Disability entitlements for soldiers are administered through the National Insurance Institute (Bituach Leumi) and the Ministry of Defense's rehabilitation branch, not the career-pension system. If your question is about an injury, that's the lane — and it applies regardless of whether you were a conscript or a career soldier. Eligibility and amounts are assessed on the disability, not on years of service.

FAQ

Common Questions

Do IDF conscripts get a pension?

No. Soldiers in mandatory (conscript) service do not earn a career military pension. At discharge they receive a release grant and a deposit fund (ma’anak shichrur and pikadon) plus education and reintegration benefits administered by the Ministry of Defense’s Department for Discharged Soldiers and Reservists. A lifetime pension is earned only by those who sign on for career ("Keva"/permanent) service.

What is a Keva (career) pension?

Keva ("permanent service") means signing on as a career soldier — a paid NCO or officer — beyond mandatory service. Career soldiers earn a military pension. Because career soldiers can retire relatively young (the lowest retirement age has been around 42), the pension functions as an early, long-duration annuity, with a bridging arrangement until the statutory civilian retirement age. The exact entitlement depends on rank, years of service, final salary, and which pension track you fall under.

What changed in the 2004 pension reform?

Israel moved career personnel from an older "budgetary" pension (paid directly from the state budget as a percentage of final salary) to a "cumulative" / funded pension (a contributory pension fund, like the civilian reform). Personnel who joined career service before the ~2004 cutoff generally remain under the older budgetary track; those who joined after fall under the cumulative track. A "bridge" pension mechanism covers the gap between early military retirement and the statutory retirement age. Which track applies to you depends on your enlistment date — confirm it with the IDF Personnel Directorate.

Where do I check my exact military pension?
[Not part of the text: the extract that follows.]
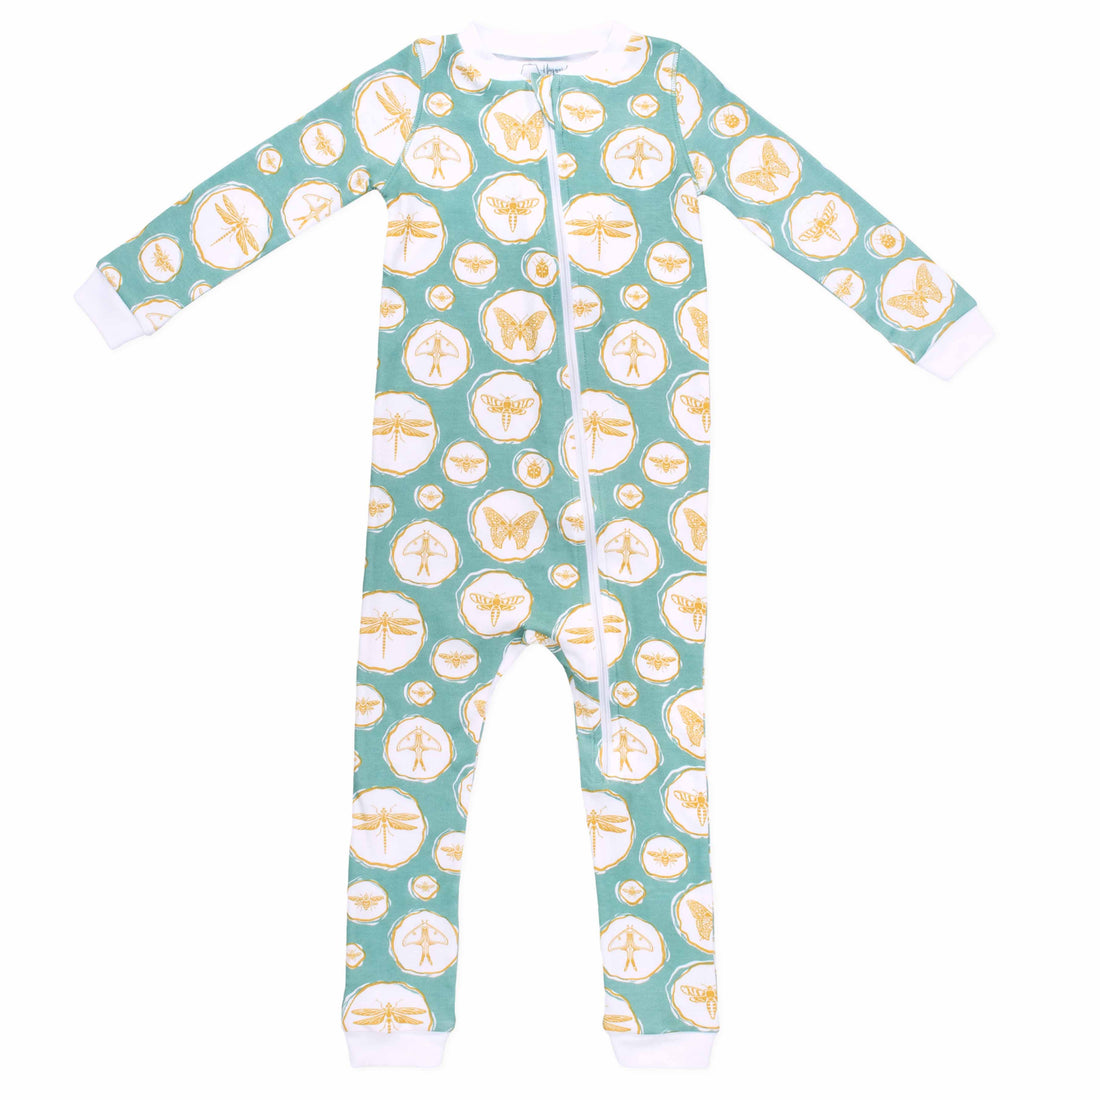 Sea green zippered pajama with bug and insect pattern made in pima cotton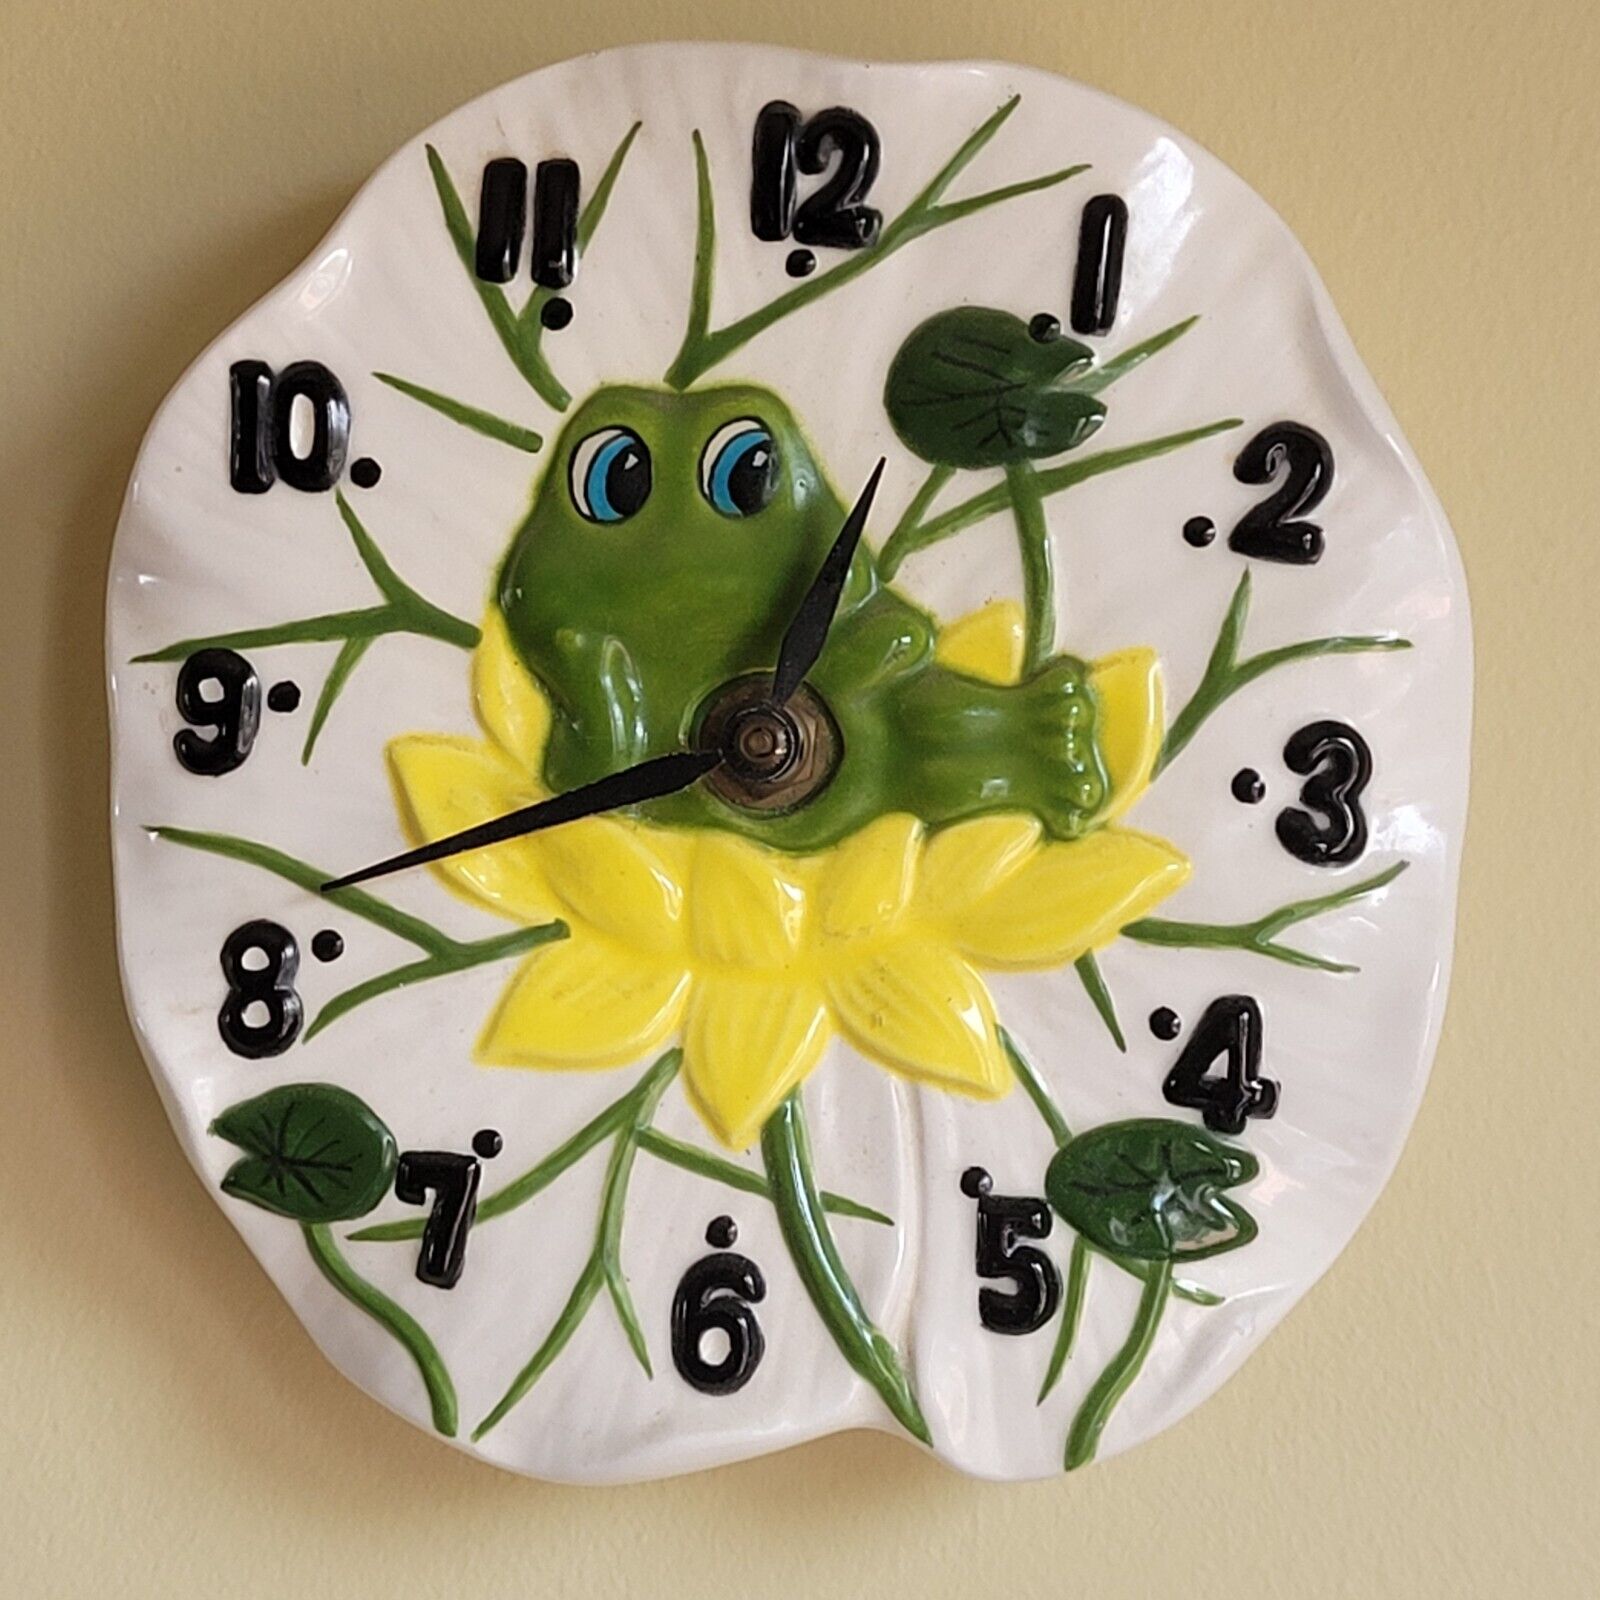 Vintage Sears Roebuck Neil The Frog Wall Clock Battery Operated / Not Working

Exact figures are not published in a single public table. Check directly with the IDF Personnel (Manpower) Directorate and the Israel Ministry of Defense. Conscript discharge benefits are handled by the MoD Department for Discharged Soldiers and Reservists. For service-related disability pensions, the National Insurance Institute (Bituach Leumi) and the MoD rehabilitation branch are the authorities. Your enlistment date and pension track (budgetary vs. cumulative) determine the actual entitlement.

Official Sources — Where to Get Your Exact Figures
Israel Ministry of Defense

The defense establishment that administers military service, career personnel, and discharged-soldier benefits.

mod.gov.il/en
MoD — Department for Discharged Soldiers & Reservists

The authority for conscript discharge grants, the deposit fund, and education/reintegration benefits.

mod.gov.il · Discharged Soldiers
IDF Manpower (Personnel) Directorate

Manages career (Keva) service and is the authority to confirm your pension track and exact entitlement.

idf.il · Manpower Directorate
National Insurance Institute (Bituach Leumi)

Authority for service-connected disability pensions for soldiers — a separate system from the career pension.

btl.gov.il · Soldier Disability
Sourcing & Method

Structural facts grounded in: Israel Ministry of Defense — Department for Discharged Soldiers & Reservists (mod.gov.il); IDF Manpower Directorate (idf.il); the published “Pensions in Israel” overview (budgetary vs. accumulative pension and the ~2004 reform / bridge-pension mechanism); and analytical reporting on IDF compensation (INSS, “Salaries, Compensation, and Benefits in the IDF”; Israeli press on the ~42 retirement age and bridging pension to statutory retirement age 67). This guide intentionally omits precise pension percentages and amounts. Israel does not publish them in one place; the ~2004 cutoff is approximate. Verify your specific entitlement with the IDF Personnel Directorate and the Ministry of Defense.